# Lucid Dreaming > Attaining Lucidity > Wake Initiated Lucid Dreams (WILD) >  >  Can you attain Lucidity when not tired?

## LSDgarfield

Hello dear Forum Members...


I slept the whole day today and im not very tired now... a bit maybe..


I feel my brain being very active at the moment, my thoughts race through my head, its a nice flow of imagination...

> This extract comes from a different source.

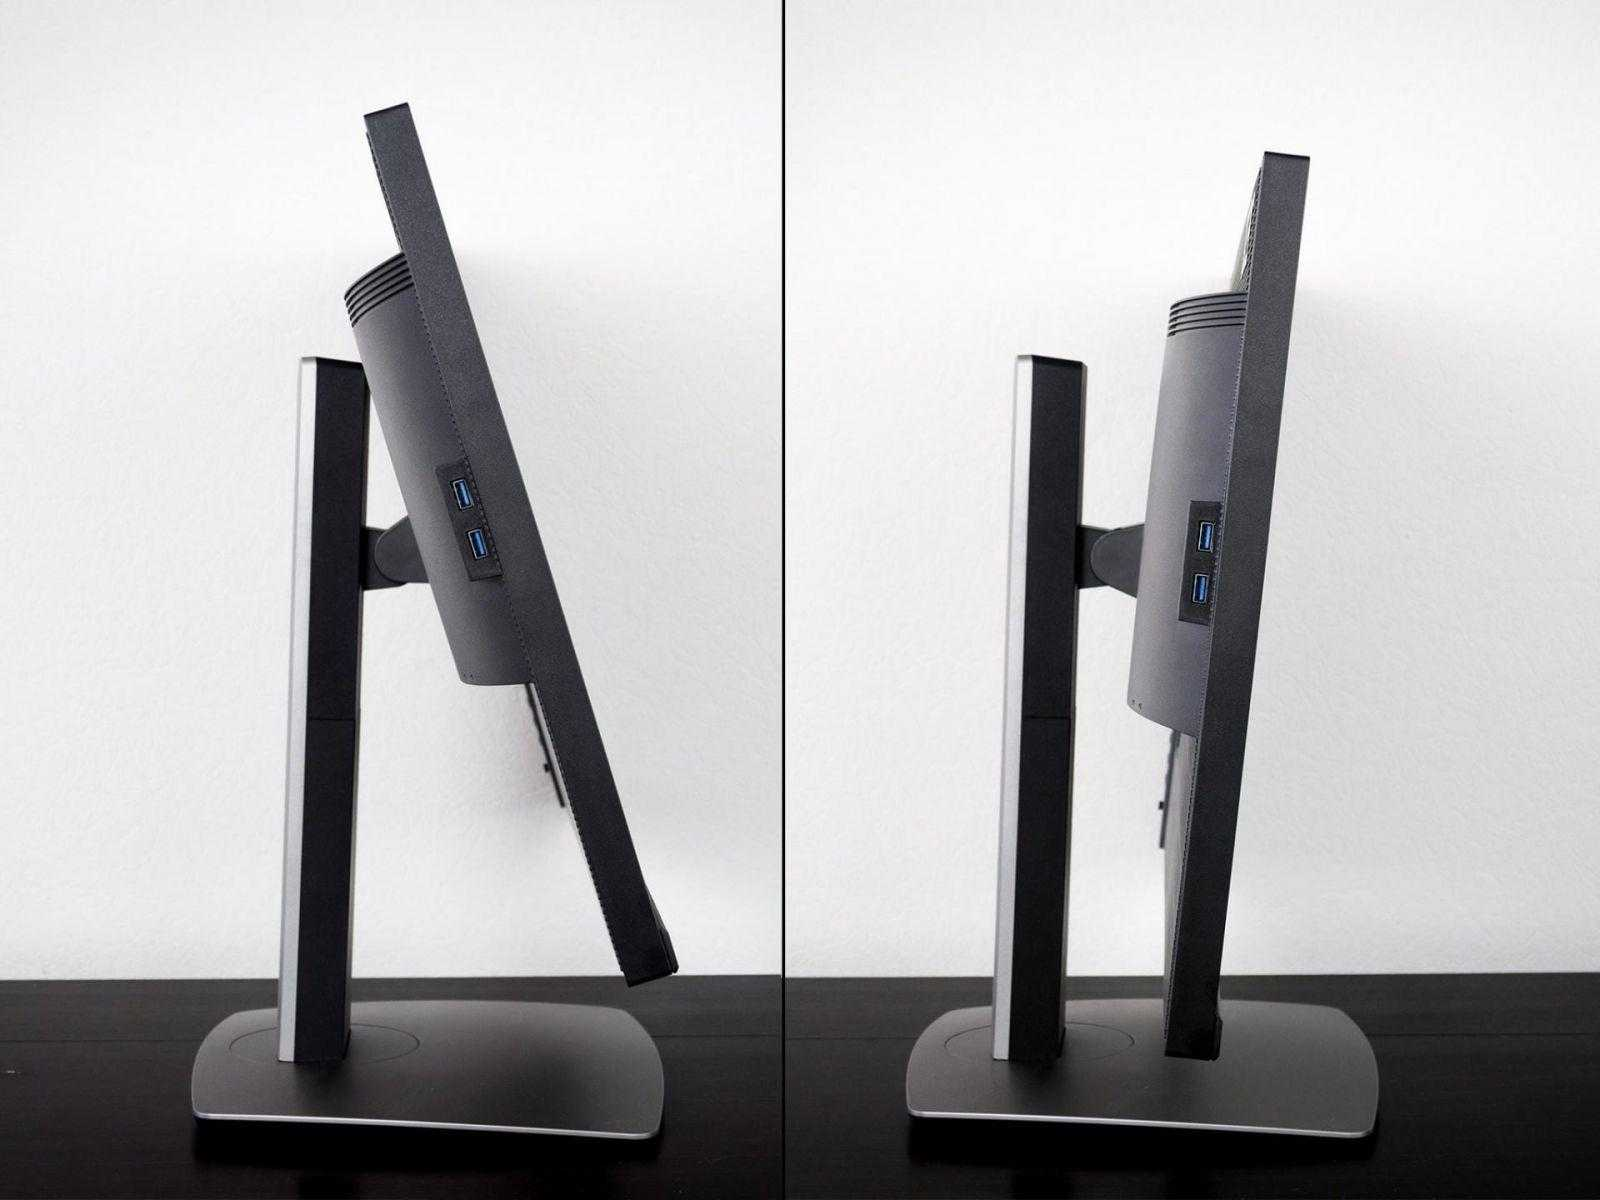 acer 320YaM07 - Обзор монитора Acer ProDesigner BM320

My question is, can i do a wild in a wake state of mind..? Or even better as when im tired?
i think it should be possible to let the body sleep at any time...

----------


## Puffin

It can be difficult to WILD if your mind isn't relaxed; a racing mind can also make it harder to relax your body. Let your thoughts just come and go freely, and keep the lights off for a few minutes before the WILD attempt - it might help you relax a bit, and get into a more sleep-like state of mind. The objective of WILD is to fall asleep while staying on the line between consciousness and unconsciousness, which won't often happen when your mind is very 'active'.  :smiley: 

I moved this to the WILD subforum, too!

----------


## rynkrt3

Can you fall asleep with ease?  If not then don't even bother trying a WILD.

----------


## LSDgarfield

Okay, thanks. Will try. 
@Rynkrt
I fall asleep very easily, and i did 4 sleep paralysis in a row at my first attemt for lucid dreaming. Well cant get into SP for a while now, because i never have time to wake up an hour before usually waking up. (School)
From tomorrow on i have summer holidays for 4 weeks, ill have time to remember my dreams at morning and write them down... also i have time to do WBTB's.

----------


## SuddenGun007

Some of my best WILD attempts have been done in school! I find that I prefer my mind to be stimulated with imagination (EX. Reading a book, playing a chess game), before attempting a WILD, the one condition for me is, my body must be tired not necessarily my mind though! It makes it easier to remain still when laying down.

----------